Моя диссертация «Макс Касл: голливудские годы (1925–1941)» представляла собой весьма квалифицированное исследование по всем фильмам моей касловской коллекции, исключая «Иуду». Однажды вечером я вручил Клер экземпляр диссертации в подарочном переплете, причем выказал больше торжественности и почтения, чем по отношению к научному руководителю. Она той ночью взяла его с собой в кровать и, к моему удивлению, прочла от корки до корки. Я не мог понять, почему Клер это делает, ведь она работала над этим томом вместе со мной, глава за главой, страница за страницей. Я лежал рядом с ней, ловя хоть какие-нибудь знаки одобрения, может быть, даже похвалы за то, что я придал ее мыслям ту рельефность, тот блеск, которых они заслуживали. Ее лицо оставалось неподвижной маской, лишь временами оно зловеще омрачалось. Закончив чтение, она положила том на простыни и медленно, до самого фильтра, выкурила свою сигарету. Ее глаза смотрели куда-то вдаль. Я не осмелился тревожить такой взгляд вопросами.
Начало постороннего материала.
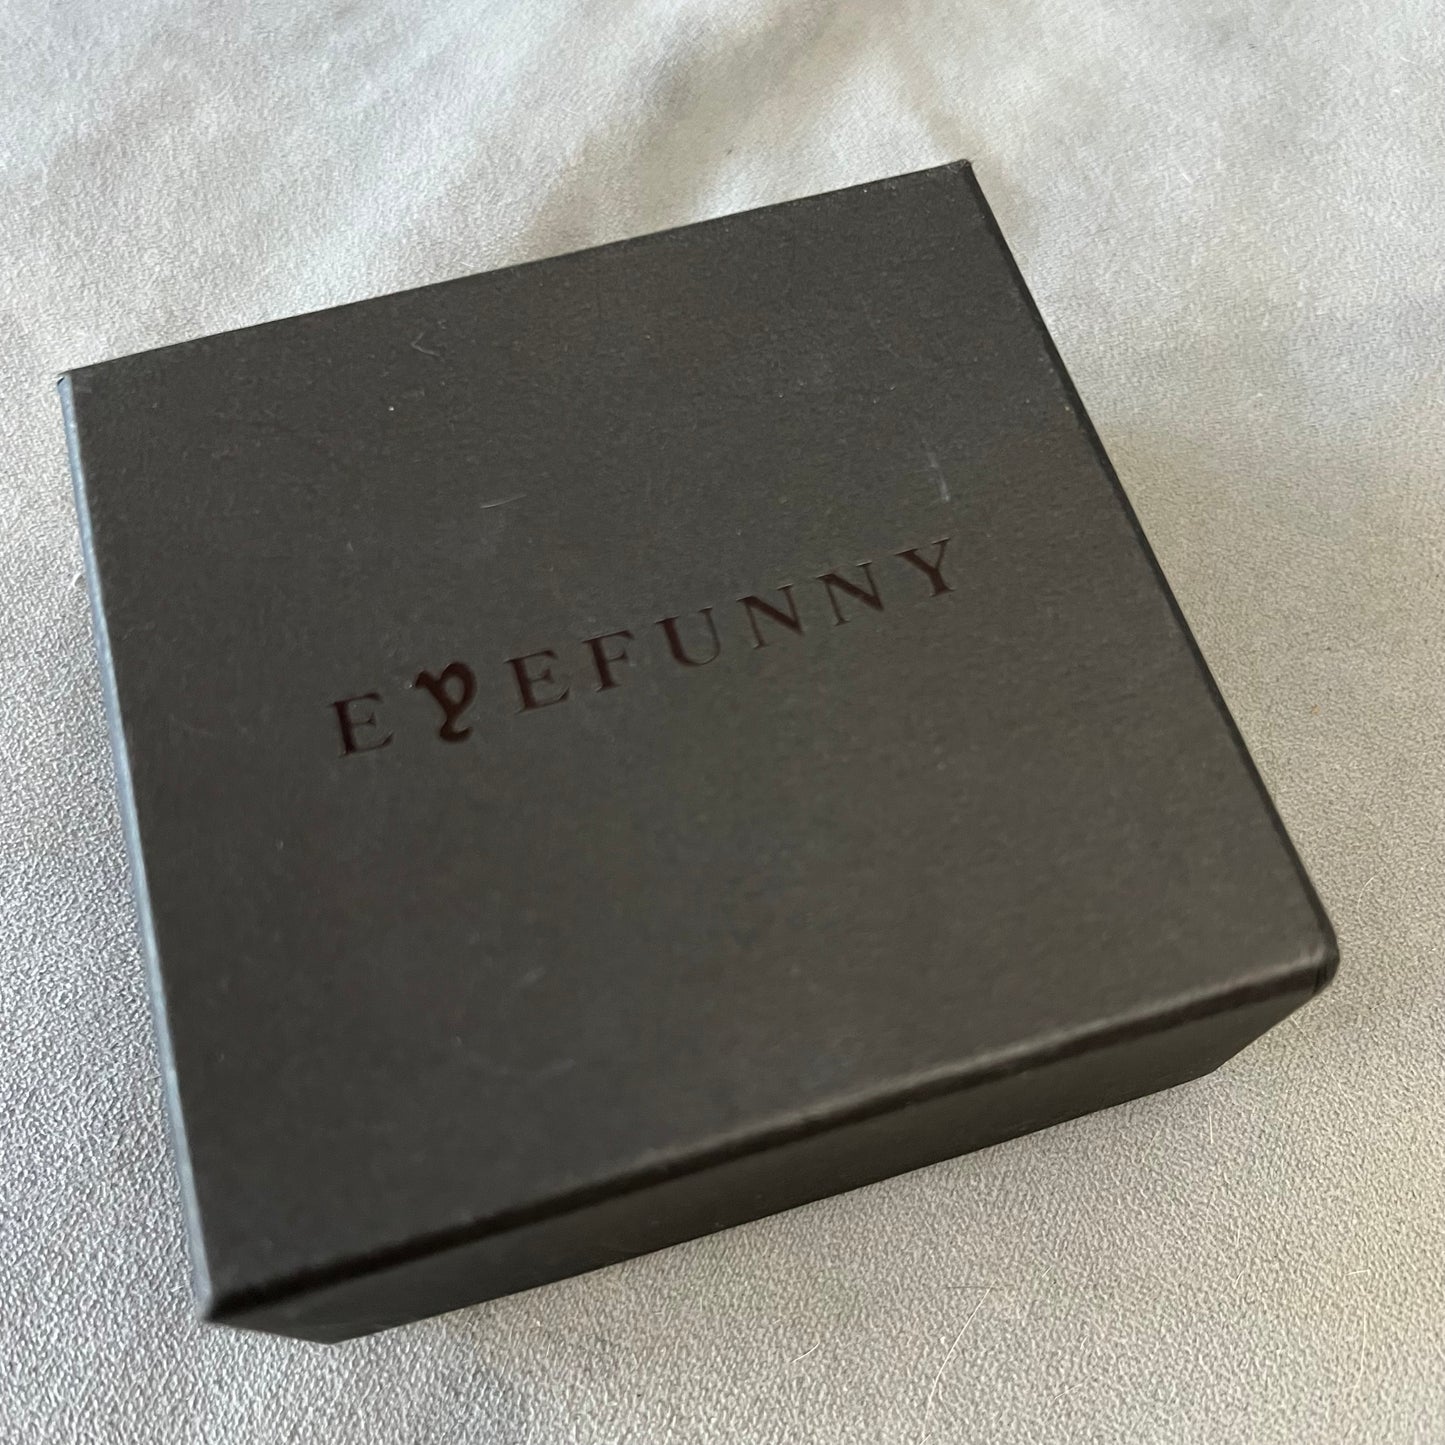 EYEFUNNY Bracelet Box + Outer Box 3.90x3.75x1.75 inches

Так продолжалось довольно долго. Потом я заметил слезу в уголке ее глаза, но выражение лица оставалось непроницаемым. Наконец она повернулась ко мне. Она потянула вниз ночную рубашку — обнажилась ее пышная левая грудь. Клер сознательно предлагала мне ее, направляя в сторону моих губ. Приглашение было знакомым. Я придвинулся к ней, уже ощущая вкус ее соска, но не успели мои губы коснуться его, как она спрятала грудь и я остался ни с чем.

— Вот и все, малыш, — отрубила она. В ее голосе слышалась какая-то уничижительная окончательность, — Можешь считать, что твой грудной возраст кончился.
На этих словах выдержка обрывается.